International Observatories Unite to Solve Energy Crisis on Jupiter
Located more than five times the distance from the Sun as Earth, Jupiter is not presumed to be particularly warm. Based on the quantity of sunlight received, the average temperature level in the planet’s upper atmosphere should be around minus 100 degrees Fahrenheit or a freezing minus 73 Celsius. Instead, the measured value rises to around 800 degrees Fahrenheit or 426 Celsius. The source of this heat surplus has stayed intangible for half a century, causing researchers to describe the inconsistency as an “energy crisis” for the planet.

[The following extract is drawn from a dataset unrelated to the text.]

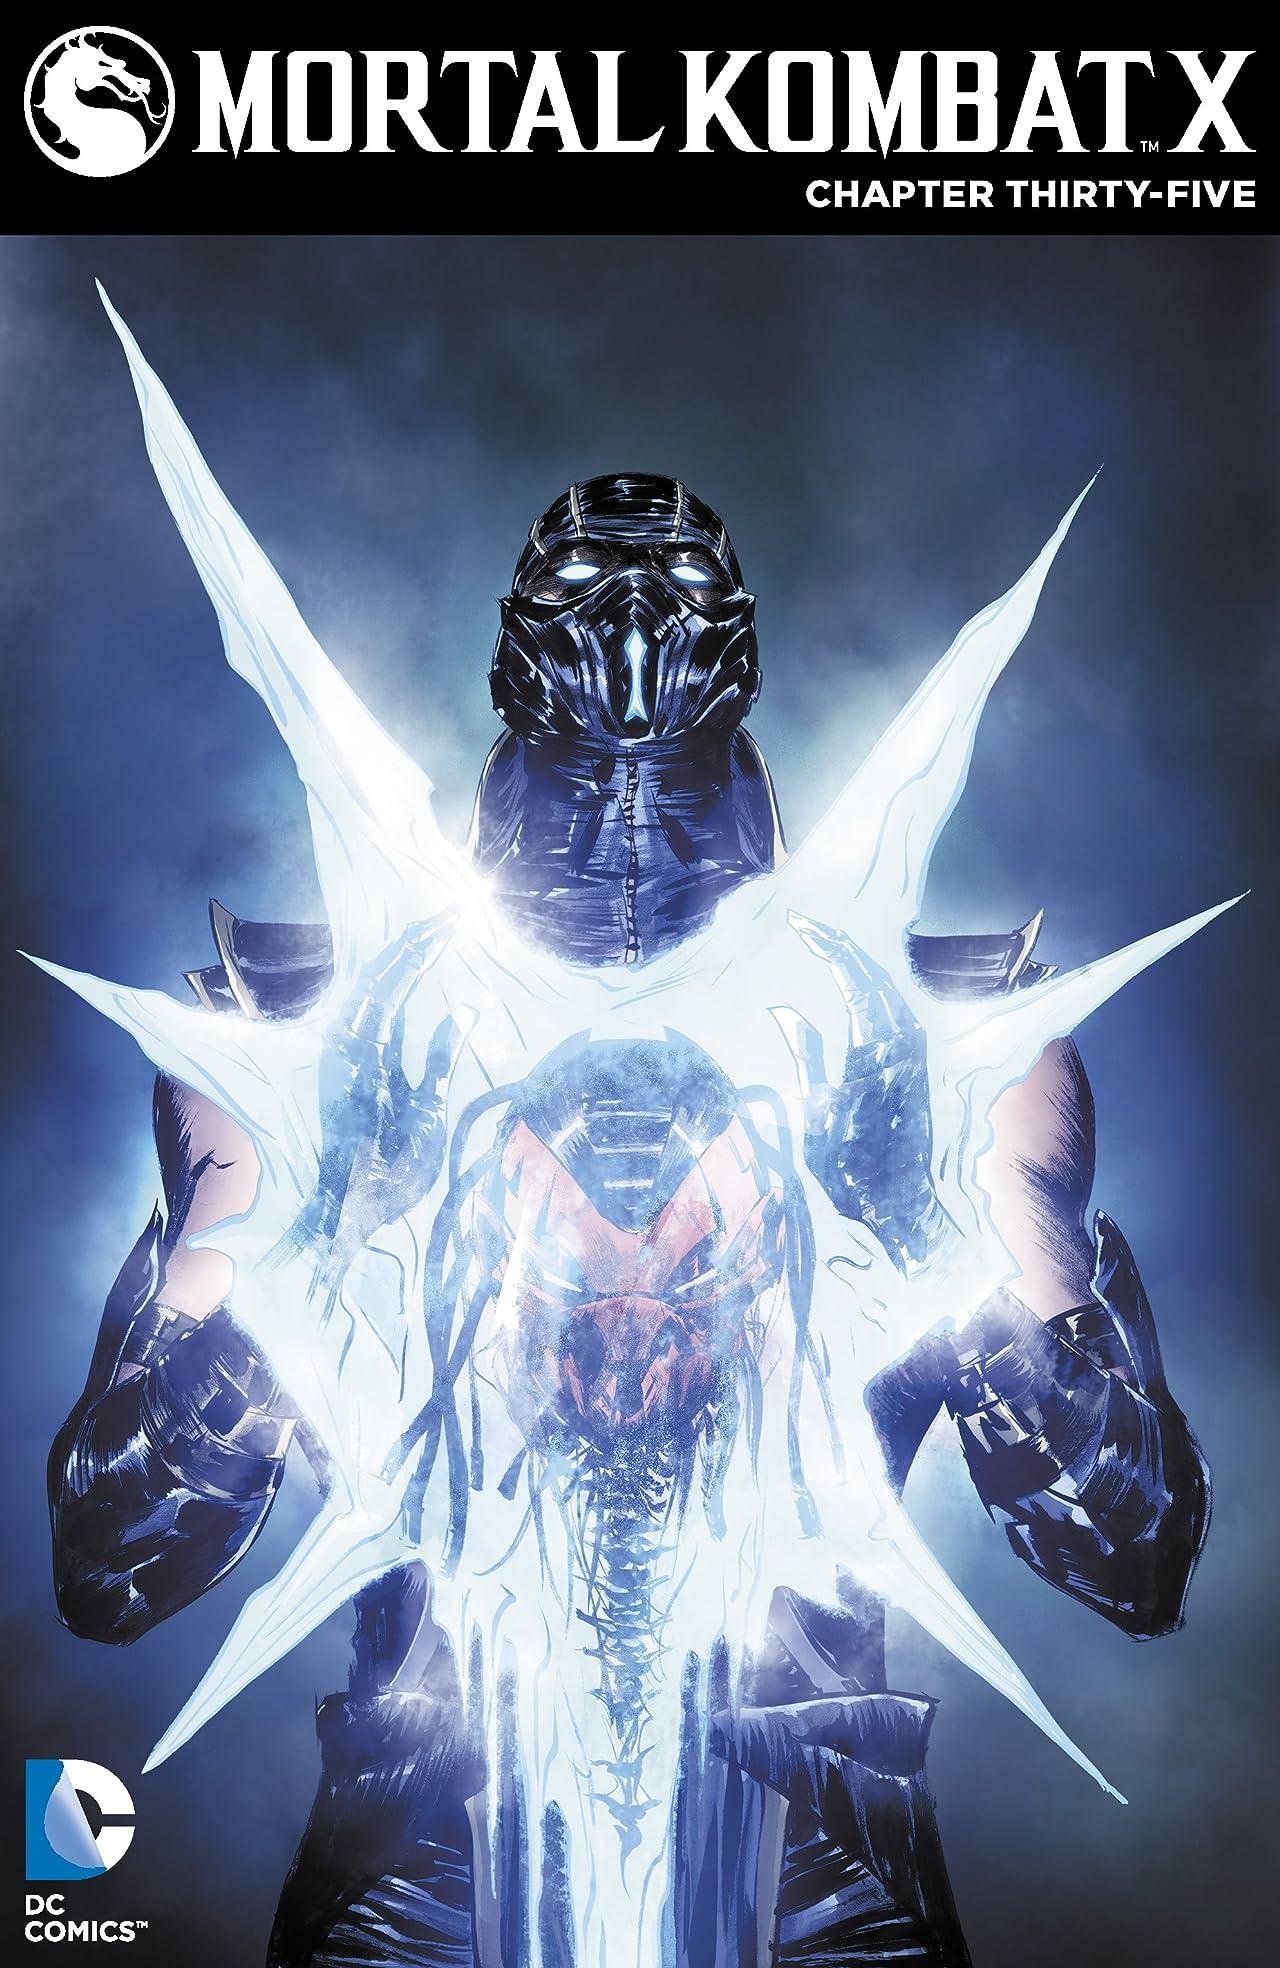 Mortal Kombat X (2015) #35

Recently, a worldwide team put together monitorings from a trio of observatories– NASA’s Juno spacecraft, W. M. Keck Observatory on Maunakea in Hawaiʻi, as well as the Hisaki satellite from the Japan Aerospace Expedition Agency (JAXA)– to find the most likely source of Jupiter’s thermal boost.
“We discovered that Jupiter’s intense aurora, the most robust in the solar system, is responsible for heating the whole earth’s top atmosphere to shockingly high temperatures,” stated James O’Donoghue of the JAXA Institute of Space and Astronautical Science, Sagamihara, Japan. O’Donoghue started the research study at NASA’s Goddard Space Flight Facility in Greenbelt, Maryland, and is the lead author of a paper concerning this study released in the journal Nature.
Auroras happen when electrically charged fragments are captured in a planet’s magnetic field. These spiral along undetectable lines of force in the electromagnetic field towards the planet’s magnetic poles, hitting atoms and particles in the atmosphere to release light and energy. This causes the colorful light show on Earth that creates the Aurora Borealis and Australis, also known as the northern and southern lights. At Jupiter, material emerging from its volcanic moon, Io, causes the strongest aurora in the solar system and gigantic heating in the upper atmosphere over the polar areas of the planet.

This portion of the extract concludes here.